MCE handler gets NIP wrong on MPC8378

Radu Rendec radu.rendec at gmail.com
Fri Feb 21 03:02:41 AEDT 2020


On 02/20/2020 at 3:38 AM Christophe Leroy <christophe.leroy at c-s.fr> wrote:
> On 02/19/2020 10:39 PM, Radu Rendec wrote:
> > On 02/19/2020 at 4:21 PM Christophe Leroy <christophe.leroy at c-s.fr> wrote:
> >>> Interesting.
> >>>
> >>> 0x900 is the adress of the timer interrupt.
> >>>
> >>> Would the MCE occur just after the timer interrupt ?
> >
> > I doubt that. I'm using a small test module to artificially trigger the
> > MCE. Basically it's just this (the full code is in my original post):
> >
> >          bad_addr_base = ioremap(0xf0000000, 0x100);
> >          x = ioread32(bad_addr_base);
> >
> > I find it hard to believe that every time I load the module the lwbrx
> > instruction that triggers the MCE is executed exactly after the timer
> > interrupt (or that the timer interrupt always occurs close to the lwbrx
> > instruction).
>
> Can you try to see how much time there is between your read and the MCE ?
> The below should allow it, you'll see first value in r13 and the other
> in r14 (mce.c is your test code)
>
> Also provide the timebase frequency as reported in /proc/cpuinfo

I just ran a test: r13 is 0xda8e0f91 and r14 is 0xdaae0f9c.

# cat /proc/cpuinfo
processor       : 0
cpu             : e300c4
clock           : 800.000004MHz
revision        : 1.1 (pvr 8086 1011)
bogomips        : 200.00
timebase        : 100000000

The difference between r14 and r13 is 0x20000b. Assuming TB is
incremented with 'timebase' frequency, that means 20.97 milliseconds
(although the e300 manual says TB is "incremented once every four core
input clock cycles").

I repeated the test twice and the absolute values were of course very
different, but r14-r13 was 0x20000c and 0x200011, so it seems to be
quite consistent (within just a few clock cycles).

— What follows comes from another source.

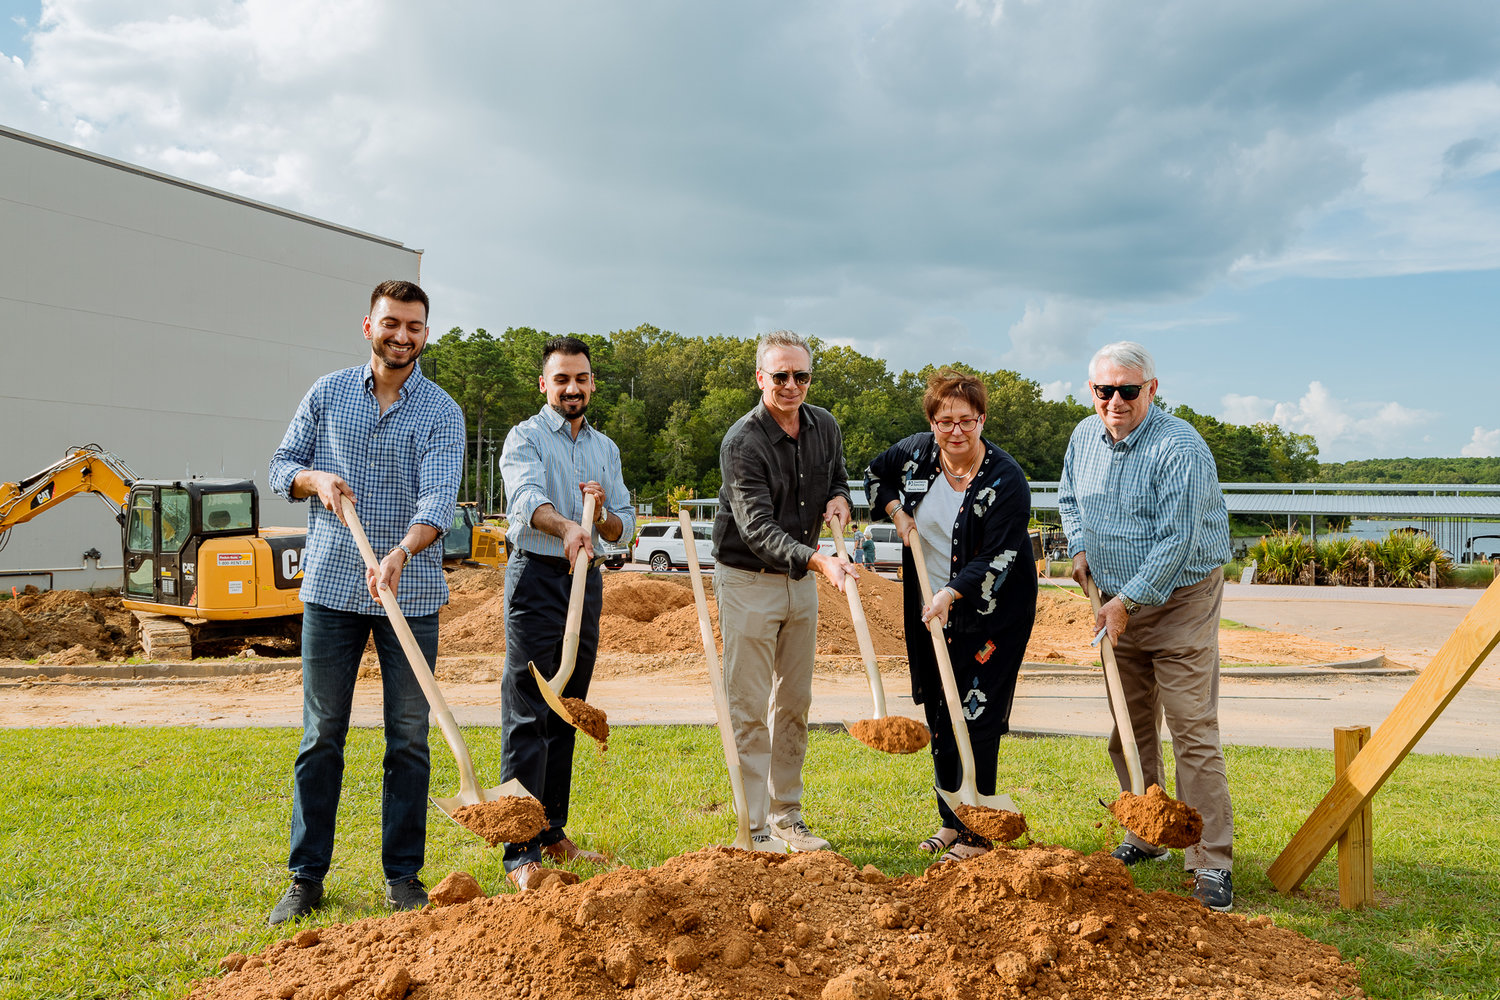 Members of the 145 Republic Street Condominiums project break ground to start construction on the new development at Lost Rabbit. Pictured, from left: Harmon Singh, RJ Singh, Todd Everett, Rhonda Newell, and Sam Everett.
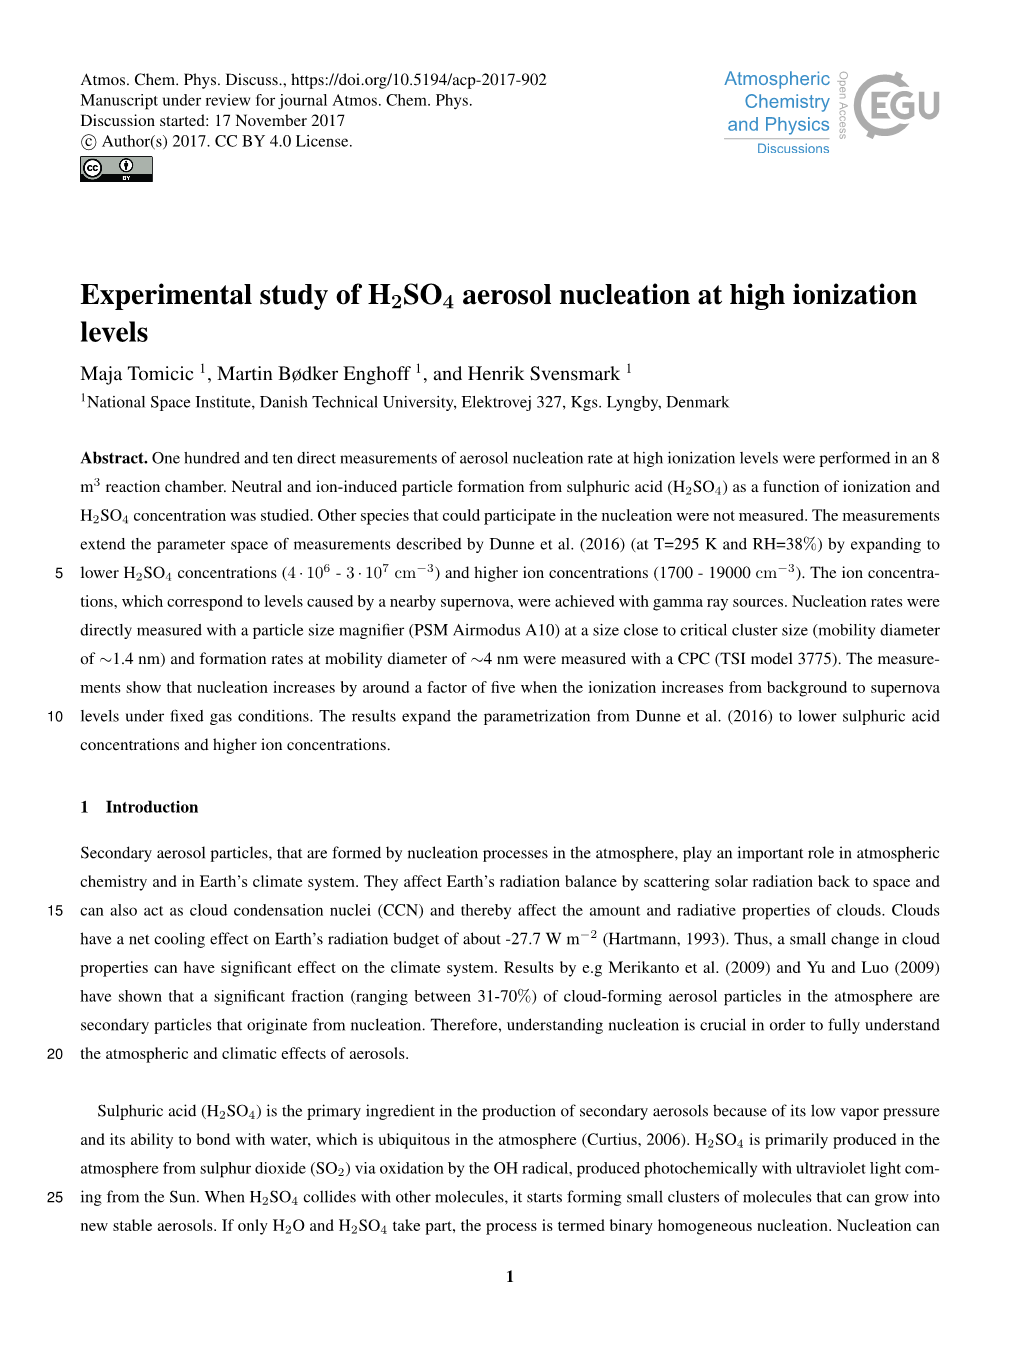 Experimental Study of H2SO4 Aerosol Nucleation at High Ionization

Just for the fun of it, I repeated the test once more, but with
interrupts disabled. The difference was 0x200014. FWIW, I disabled
interrupts before sampling TB in r13.

> And what's the reason given in the Oops message for the machine check ?
> Is that "Caused by (from SRR1=49030): Transfer error ack signal" or
> something else ?

When interrupts are enabled:
Caused by (from SRR1=41000): Transfer error ack signal

When interrupts are disabled:
Caused by (from SRR1=41030): Transfer error ack signal

> >
> >> Do you use the local bus monitoring driver ?
> >
> > I don't. In fact, I'm not even aware of it. What driver is that?
>
> CONFIG_FSL_LBC

OK, it seems I'm actually using it. I haven't enabled it explicitly, but
it's automatically pulled by CONFIG_MTD_NAND_FSL_ELBC as a prerequisite.

I looked at the code in arch/powerpc/sysdev/fsl_lbc.c and it's quite
small. Most of the code is in fsl_lbc_ctrl_irq, which I guess is
supposed to print a message if/when the LBC catches an error. I've never
seen any of those messages being printed.